Apple JailBreakMe Vulnerability
Good information from Mikko Hyppönen.
Q: What is this all about?
A: It’s about a site called jailbreakme.com that enables you to Jailbreak your iPhones and iPads just by visiting the site.Q: So what’s the problem?
A: The problem is that the site uses a zero-day vulnerability to execute code on the device.Q: How does the vulnerability work?
A: Actually, it’s two vulnerabilities. First one uses a corrupted font embedded in a PDF file to execute code and the second one uses a vulnerability in the kernel to escalate the code execution to unsandboxed root.Q: How difficult was it to create this exploit?
A: Very difficult.Q: How difficult would it be for someone else to modify the exploit now that it’s out?
A: Quite easy.
Here’s the JailBreakMe blog.
EDITED TO ADD (8/14): Apple has released a patch. It doesn’t help people with old model iPhones and iPod Touches, or work for people who’ve jailbroken their phones.

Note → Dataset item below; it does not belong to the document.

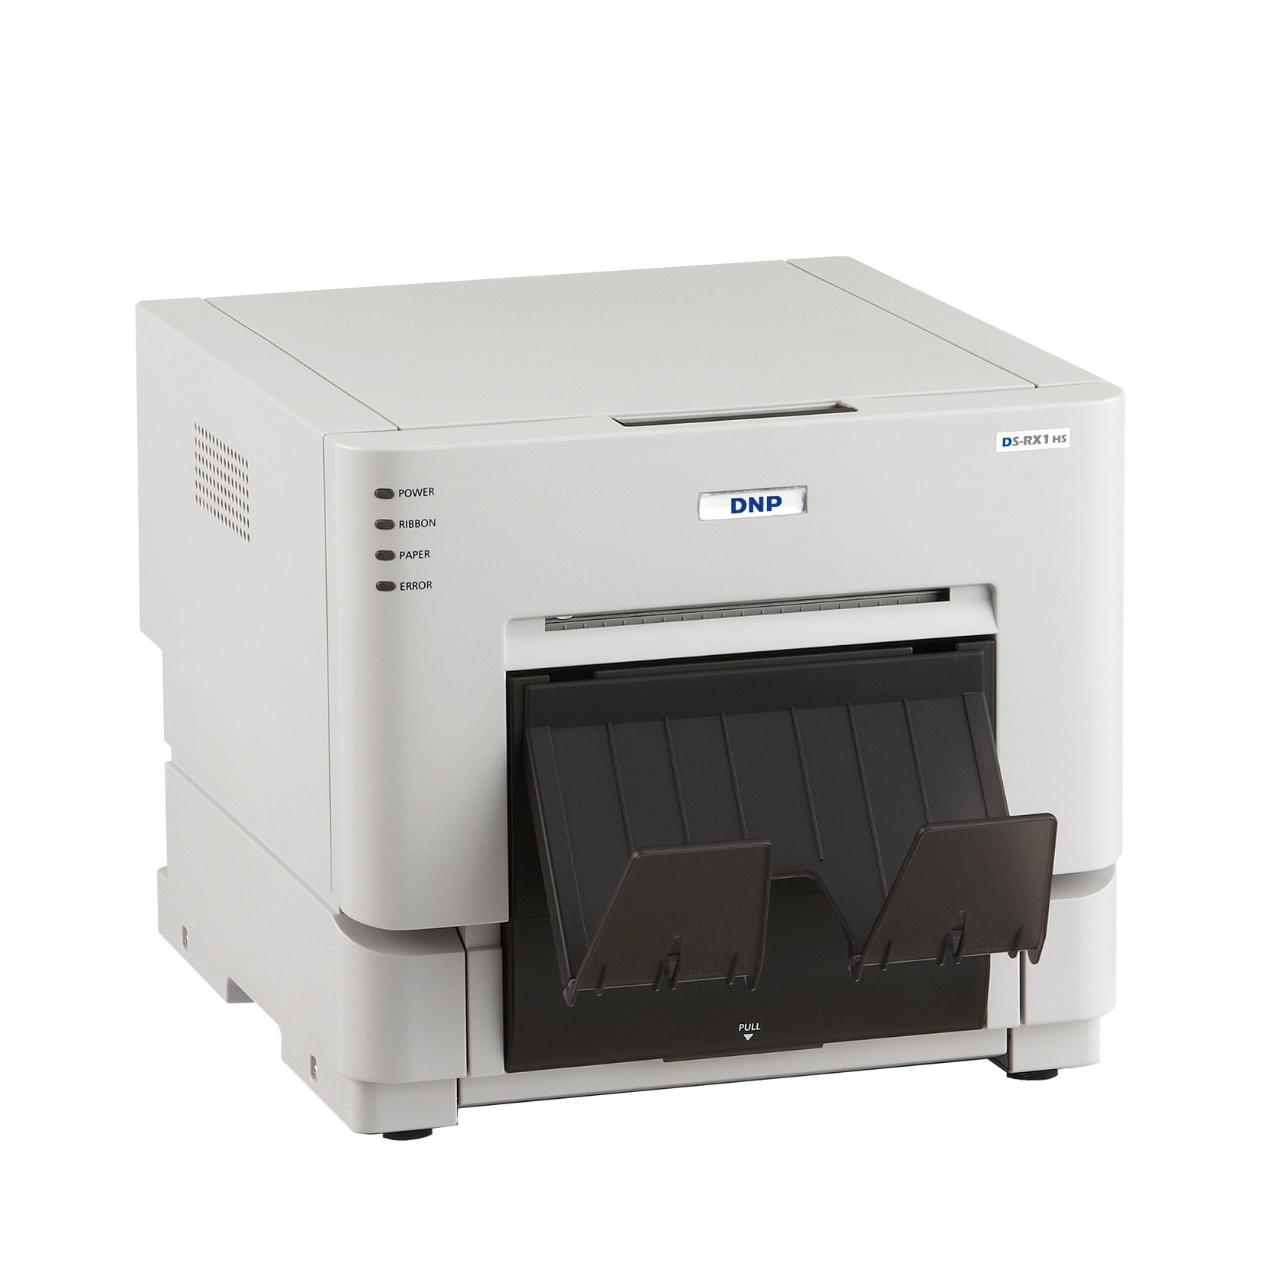 impresora dnp ds rx1hs

EDITED TO ADD (8/15): More info.
Rich • August 10, 2010 12:40 PM
What is awesome is that most iPhone users will see this as a good thing. They will think “HEY! Now I can jail break my phone! And it’s ssoo easy!”. They wont even realize what it is that can be done. And Apple won’t care. The only way people will learn is if something REALLY bad happens. And all we need for that is some nerdy hacker to have a bad day.
Just imagine: Youre a hacker, chilling out at the coffee shop, toying around with Airpwn, and you notice an iPhone user using Wifi… You know where I’m going with this.